Goal of the exercise: A verbatim copy is needed of the lines below from the one containing "famille camping car playmobil" up to and including the one containing "CD 51 FRANCE", excluding pictures.

Start of Dataset

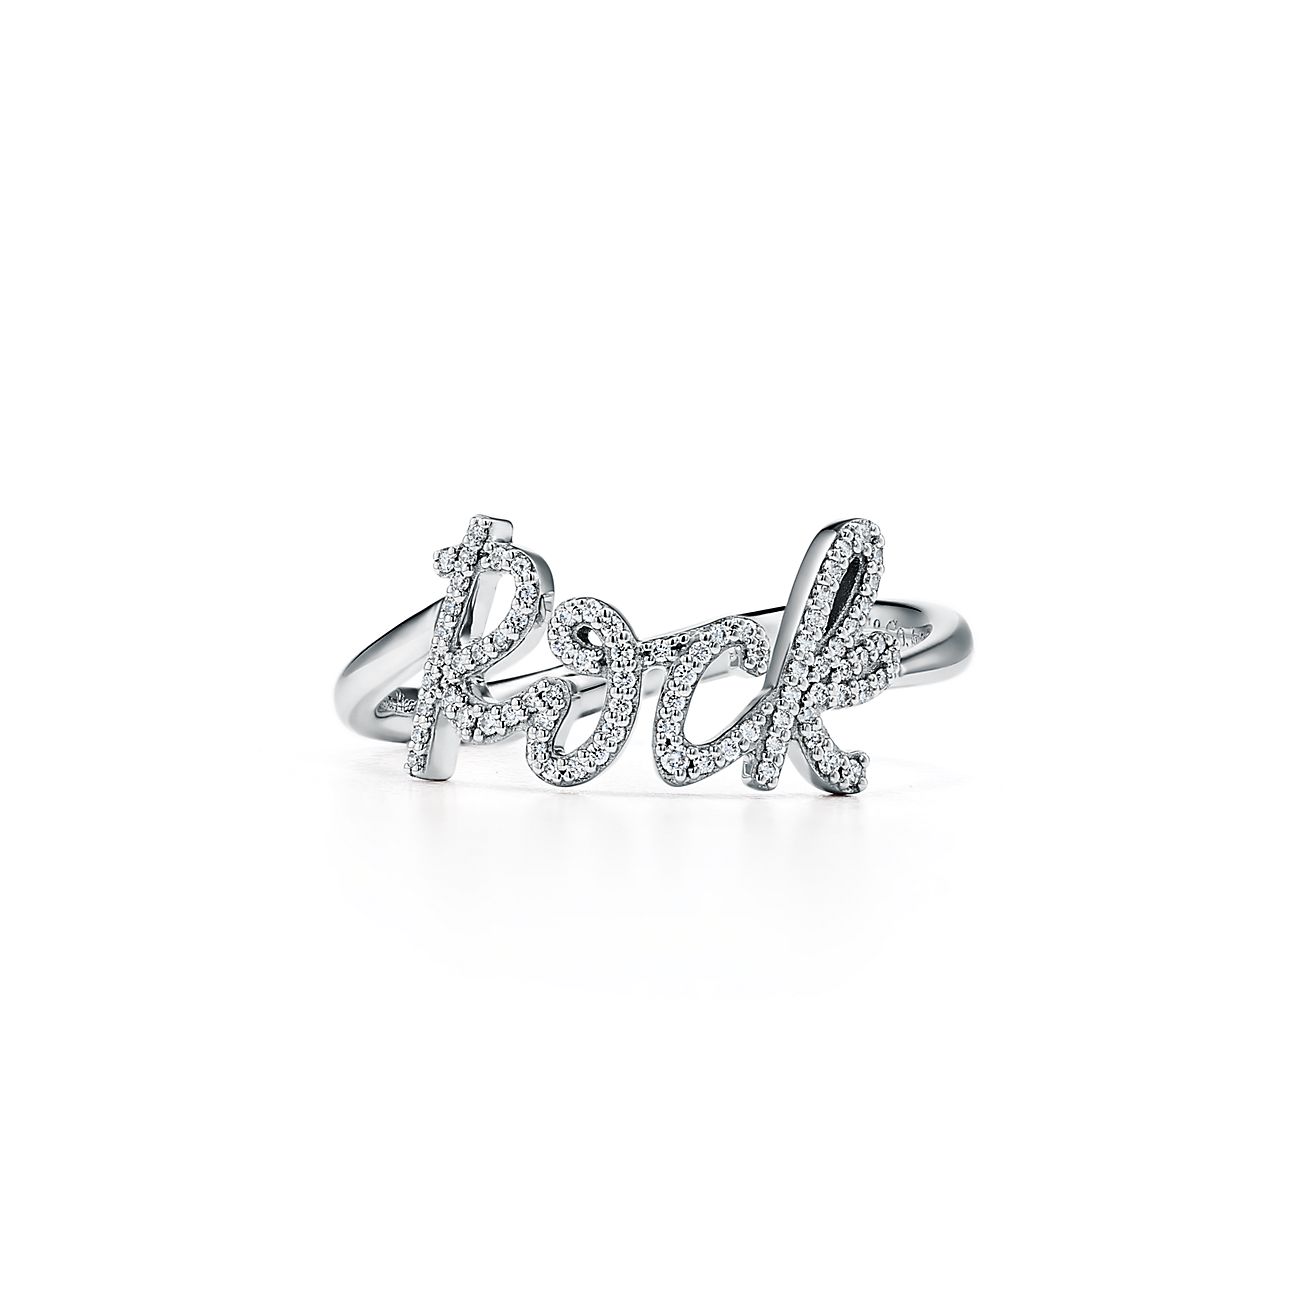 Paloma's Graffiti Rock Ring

End of Dataset
Start of Dataset

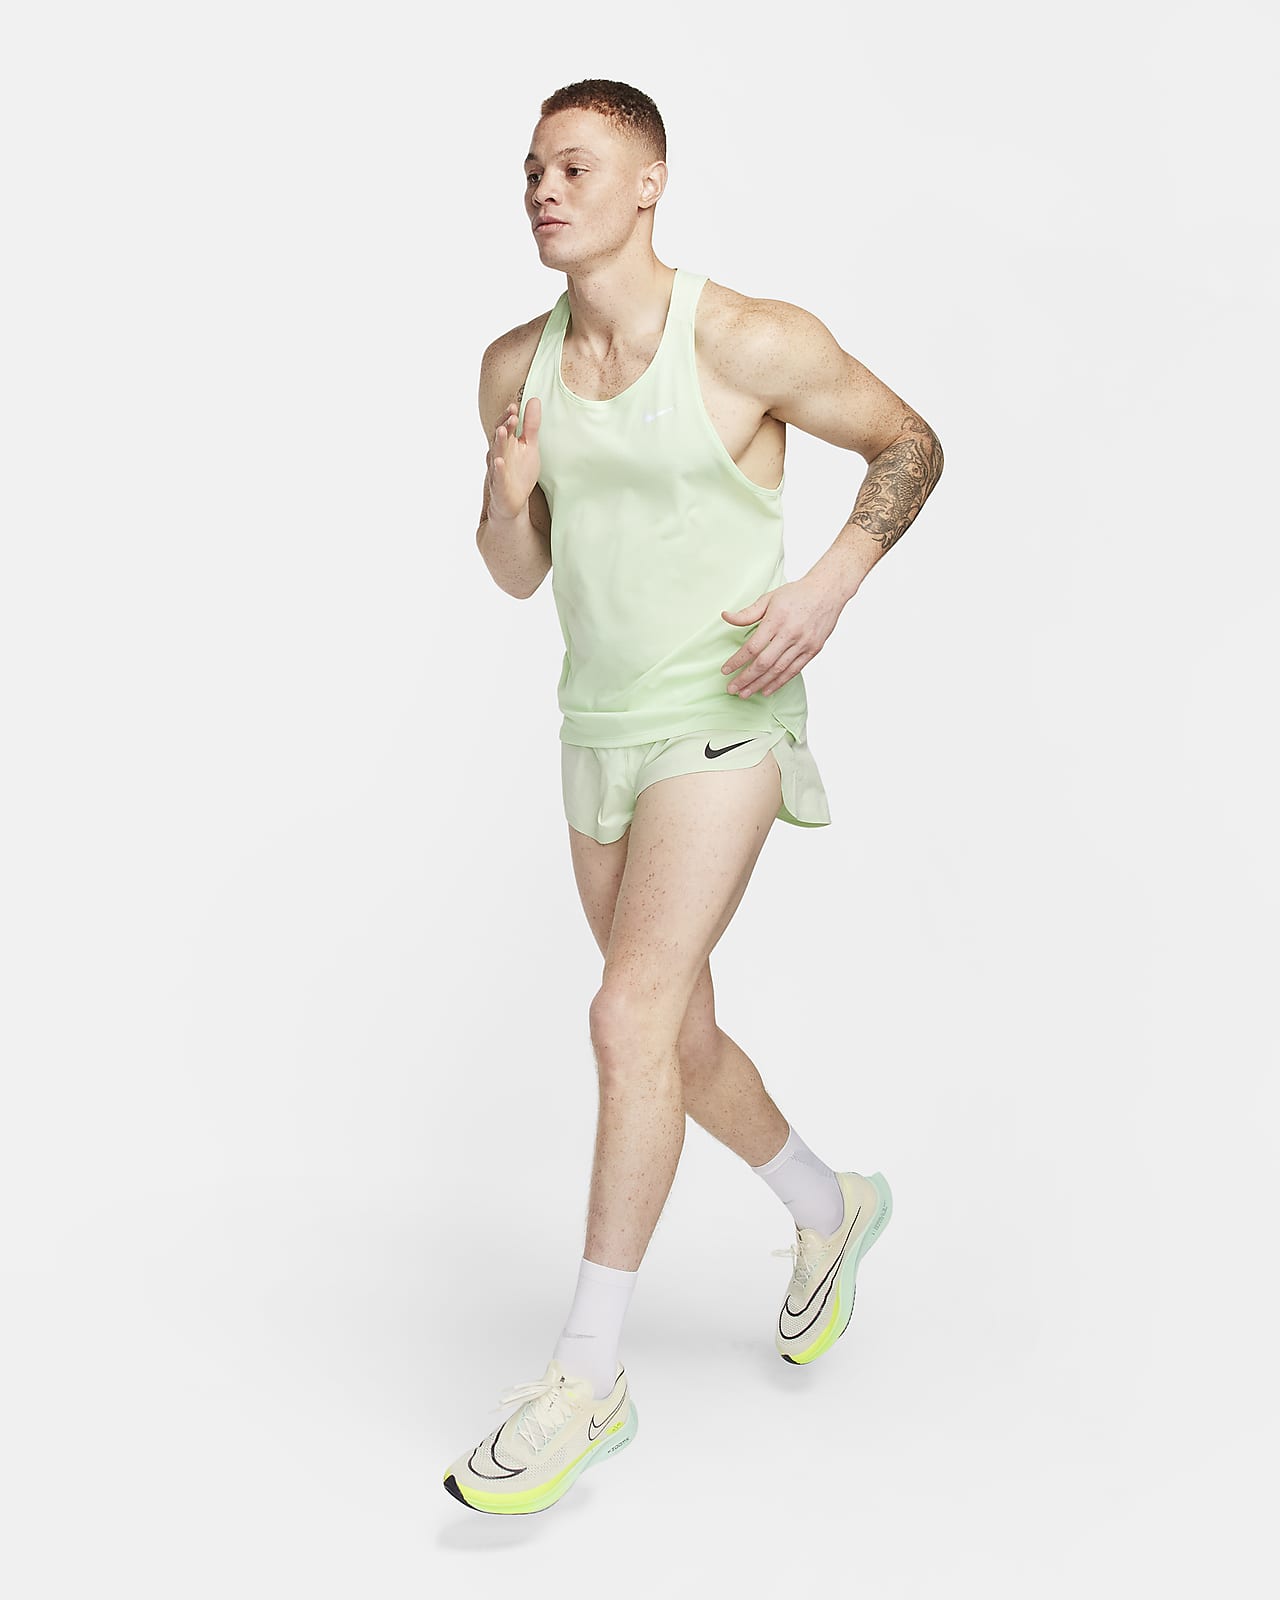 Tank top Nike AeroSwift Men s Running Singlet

End of Dataset
Start of Dataset

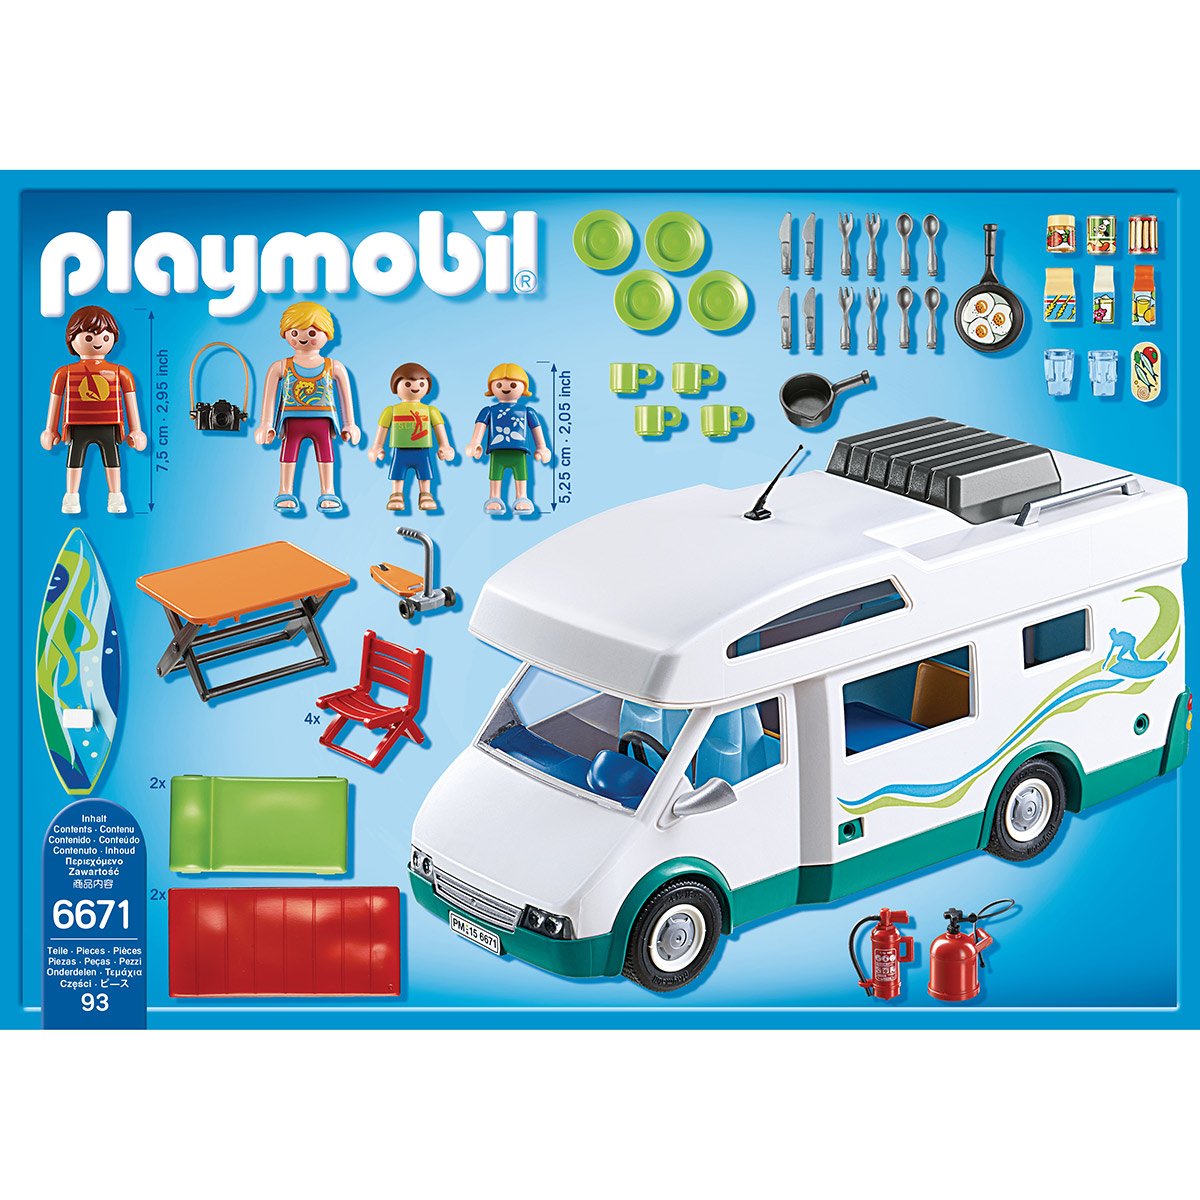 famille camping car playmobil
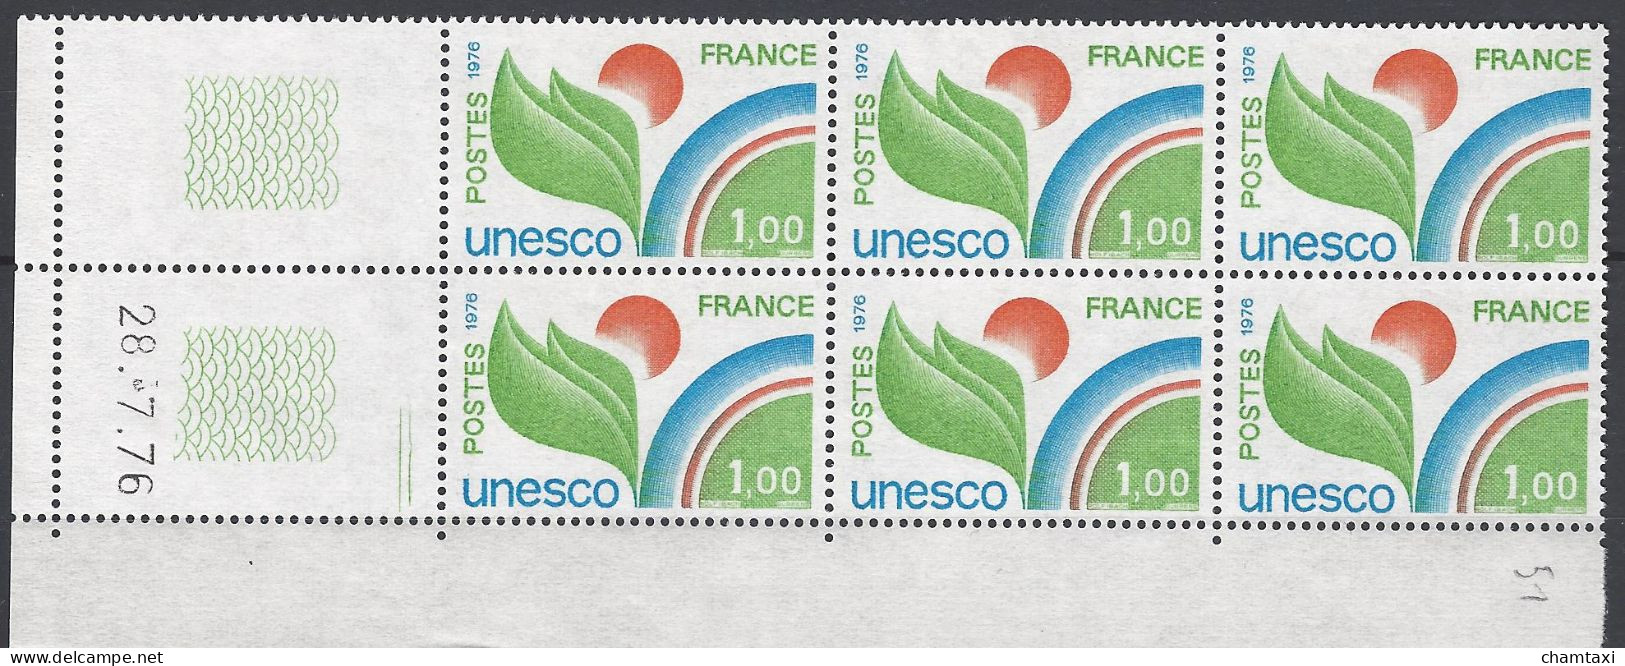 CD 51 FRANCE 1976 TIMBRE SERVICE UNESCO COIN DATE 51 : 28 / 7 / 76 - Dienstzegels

End of Dataset

Output for this exercise:
 famille camping car playmobil
 CD 51 FRANCE 1976 TIMBRE SERVICE UNESCO COIN DATE 51 : 28 / 7 / 76 - Dienstzegels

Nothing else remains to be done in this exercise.